Julia swooped in with, “They have waves in Florida. Florida’s where you get oranges
from, oranges are just big tangerines.”
“Nice, save,” Emily nodded at the other girl.
“Thank you.”
“Well,” Ara said, “I’m having a self imposed dry season, and it’s nice to know
Waverly will always be there.”
“But you don’t,” Emily said. “You don’t know he’ll always be there.”
“Well, it doesn’t matter.”
“Yeah, yeah, yeah,” Emily waved it off. “I know, the whole no white man thing.”
“Well,” Ara shrugged, “glad you understand.”

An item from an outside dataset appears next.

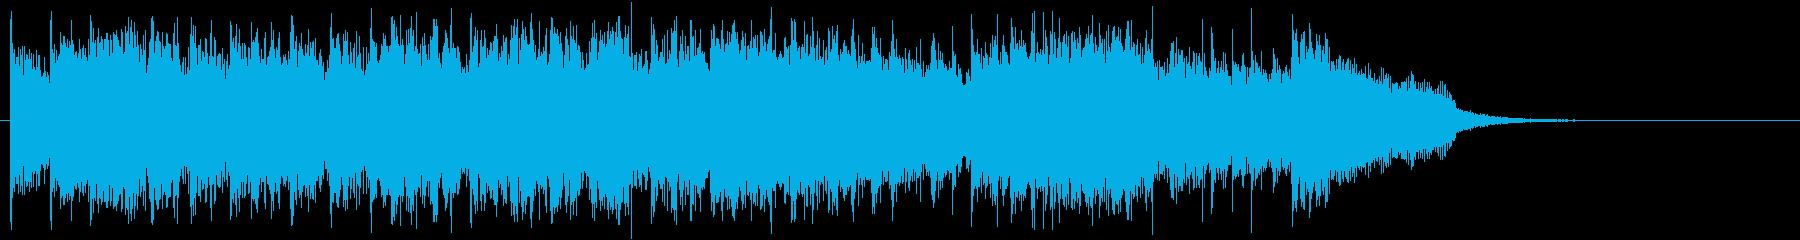 若いゴスニューウェーブ風ジングルの再生済みの波形

“I understand,” Emily said, “that you’re put off by old experiences. But I don’t
understand you thinking Wave will be around when you’re ready.”
“Who says I want him to be?’
“Do you?”
“Julia,” Ara turned from Emily, “how you like that shake?”

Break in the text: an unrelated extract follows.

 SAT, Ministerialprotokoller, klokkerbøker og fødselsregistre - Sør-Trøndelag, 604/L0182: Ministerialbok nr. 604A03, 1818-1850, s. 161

Julia raised an eyebrow, and Ara said, “Well, shit!”
“Careful, I’m a child.” said Julia. “Unused to such words.”
“Well, do you feel anything for Waverly?” Emily pressed on.
“I feel....” Ara said, “that I like Waverly Blake a lot. He’s a good guy. But I’m not sure
he’s... my type.”
“Wave’s not anyone’s type,” Emily said. “He’s a little weird. I mean.... I couldn’t
appreciate that before. But now.... I sort of think he’s not that much older than me, and.... if
he was paying me the attention he’s paying you. I don’t know... I might....”
“Do him?” suggested Julia.
Both young women looked at the girl.
“I’m sorry,” Julia told them, “but my time of life is coming, and by the way, I’m
getting a man THIS summer.”
“You’re fourteen,” Ara said.
Julia Camden looked at Ara Tolliver fiercely, and said, “You’re never too young.”



5.

Still, Ara Tolliver cannot help calling up Waverly that afternoon. He’s so glad to hear from
her, and she knew he would be. The odd thing was that the morning she met him she was
not coming to meet him, but Rush and Cassidy. Waverly was just sort of there.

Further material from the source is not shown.